● EXERCISE OBJECTIVE
Return every line from the one with "Andreas Carlgren, (c) Miljöminister." through the one with "iPhone XS Max", inclusive, exactly as it appears below.

SUPPLIED DATA START

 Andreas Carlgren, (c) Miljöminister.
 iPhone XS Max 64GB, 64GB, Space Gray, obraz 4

SUPPLIED DATA END
SUPPLIED DATA START

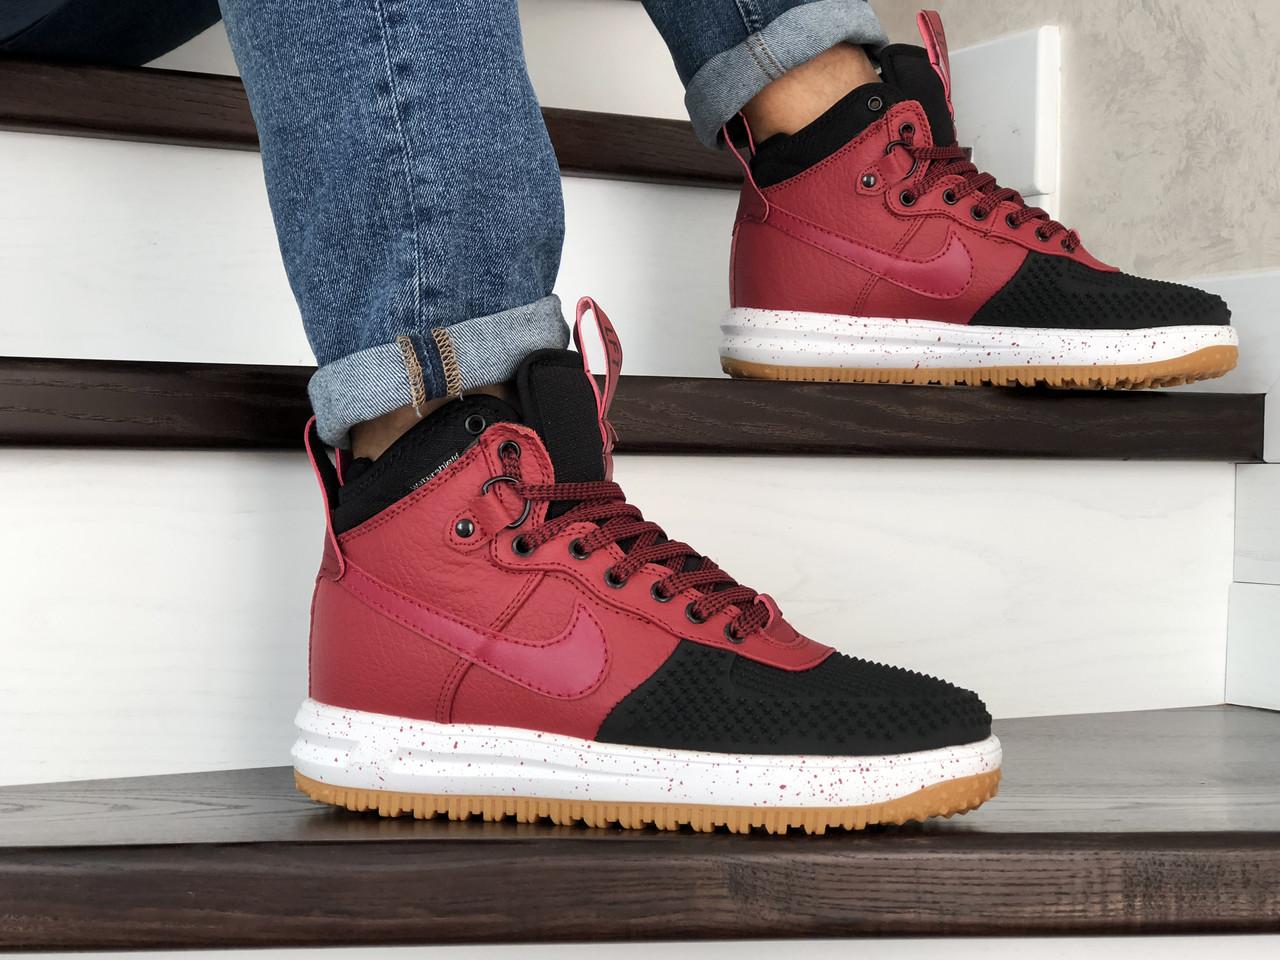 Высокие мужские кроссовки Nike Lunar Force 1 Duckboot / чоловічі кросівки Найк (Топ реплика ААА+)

SUPPLIED DATA END

● ANSWER TO THIS PROBLEM
 Andreas Carlgren, (c) Miljöminister.
 iPhone XS Max 64GB, 64GB, Space Gray, obraz 4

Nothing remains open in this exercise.